Care in the investigation is paramount. “There can be a huge level of disruption if an investigation is badly handled,” says Dr Rory Ridley-Duff, a senior lecturer at Sheffield Hallam University who explores management of workplace relationships in his book Emotion, Seduction and Intimacy. “People take sides, stretch the truth, gang up on each other – in severe instances it can become a kind of mob rule.” A survey published by Andrew and Nada Kakabadse found that only 2% of people in the UK felt that delicate situations were best addressed by formal procedures. “Instead, professional opinion is increasingly viewing mediation as a better answer, and arbitration service Acas now recommends it as a valuable way of handling allegations of sexual harassment or misconduct,” says Dr Ridley-Duff.

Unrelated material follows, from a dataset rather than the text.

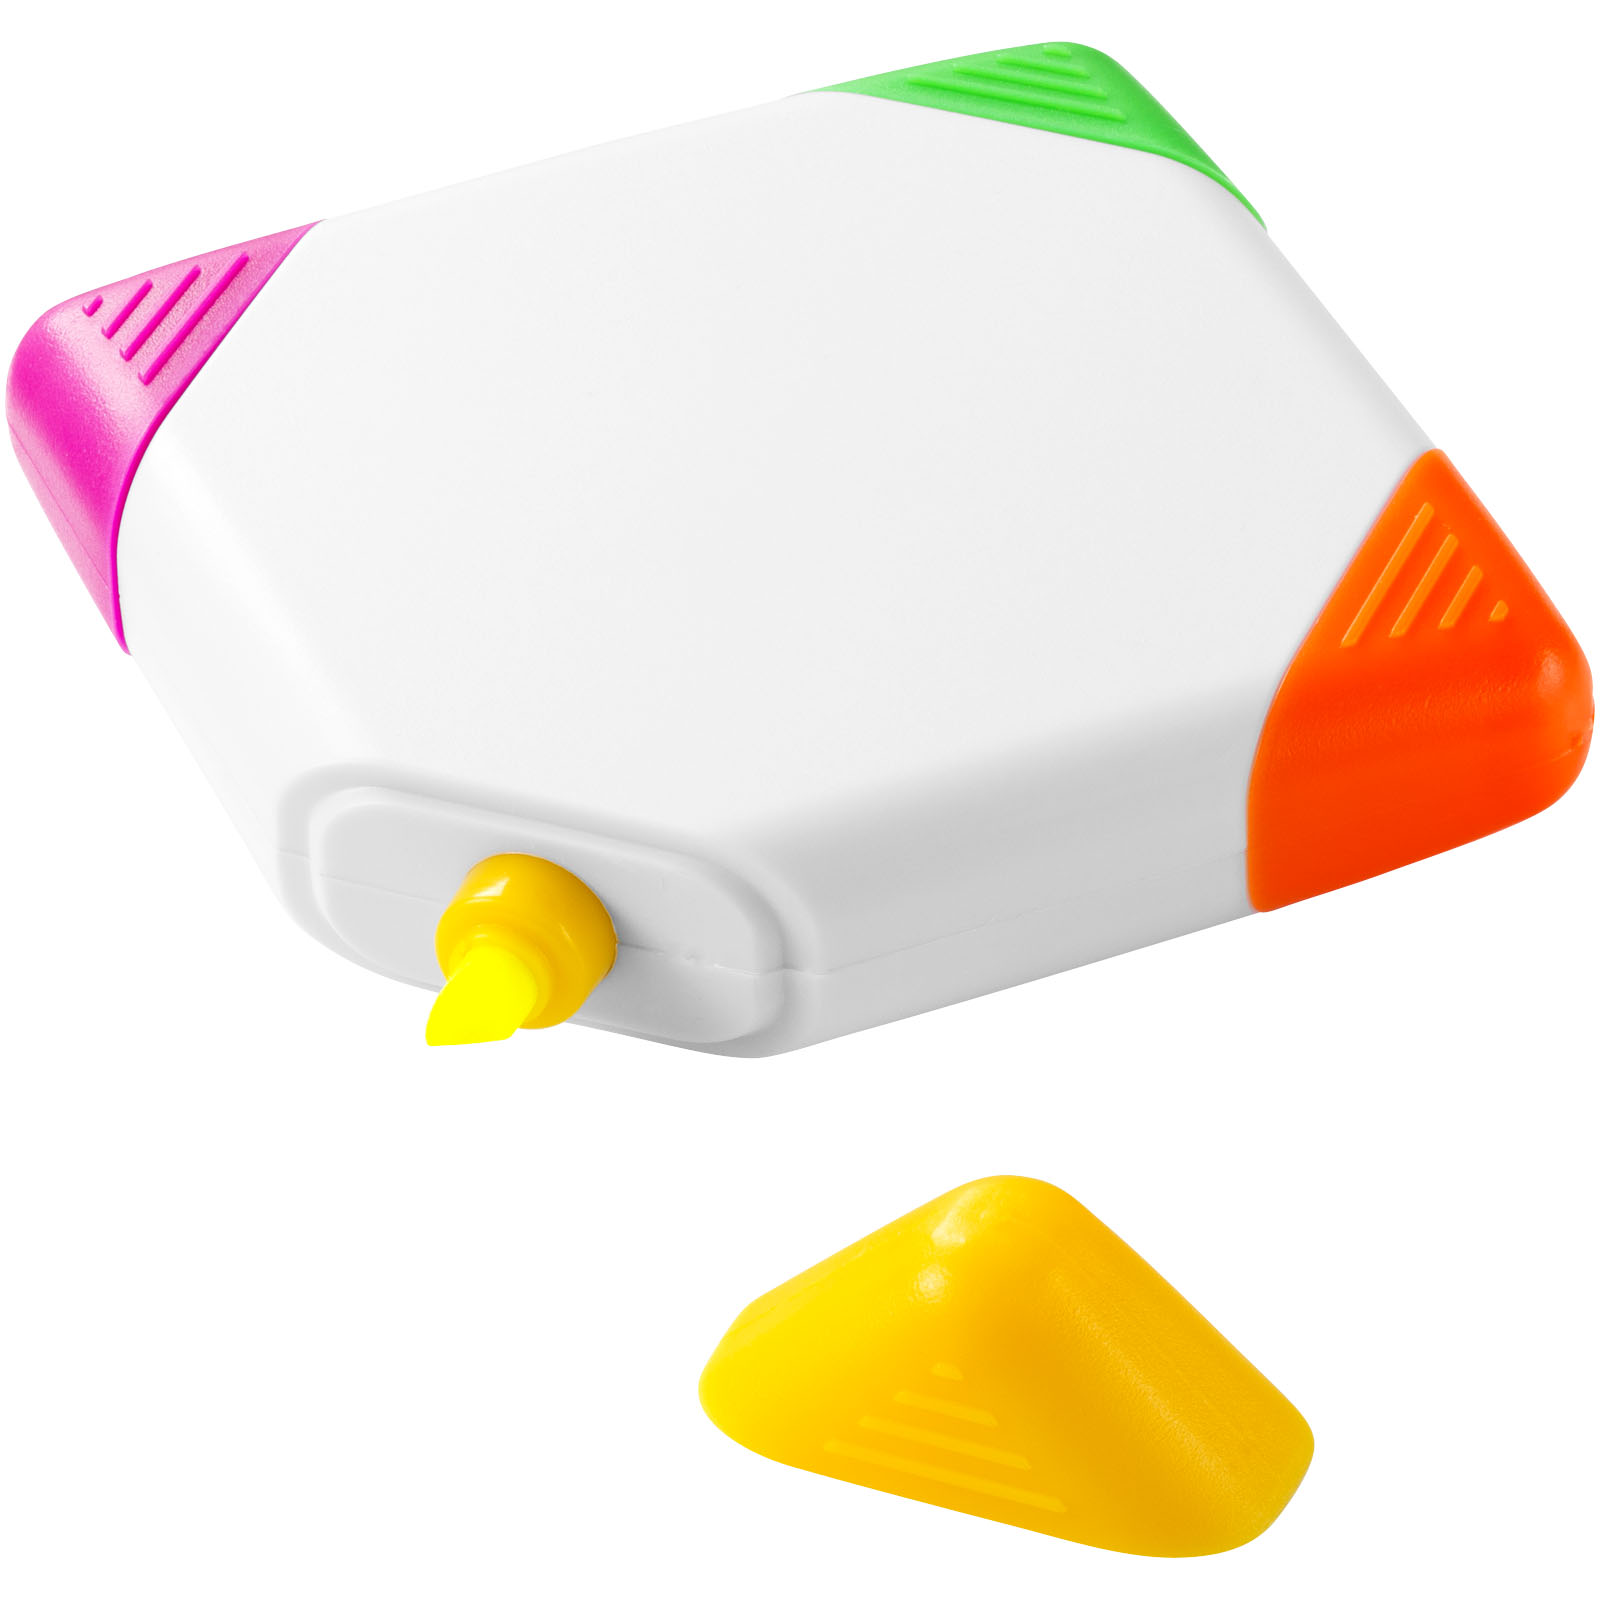 Square-shaped Multi-color Highlighter - Fritham

There is also general agreement that a central tenet of successful organisations is that employees are treated with respect. “There is a great deal to be said for treating people like adults to persuade them to behave as such,” adds passion coach Dr Vena Ramphal. “If you wish to give any kind of preliminary advice it might be to explain that often sexual attraction between co-workers can simply be a consequence of admiration for their skills at their job. If two people are sure of the profundity of their feelings, and ready to act in a professional way in the office, then they should not hold off on having a relationship. But if they are simply feeling sexual attraction, a shock of lust for a colleague they work closely with, the wisest response is not to fritter it in a fleeting sexual encounter but rather to harness it into working creatively together. It can make people extraordinarily productive.”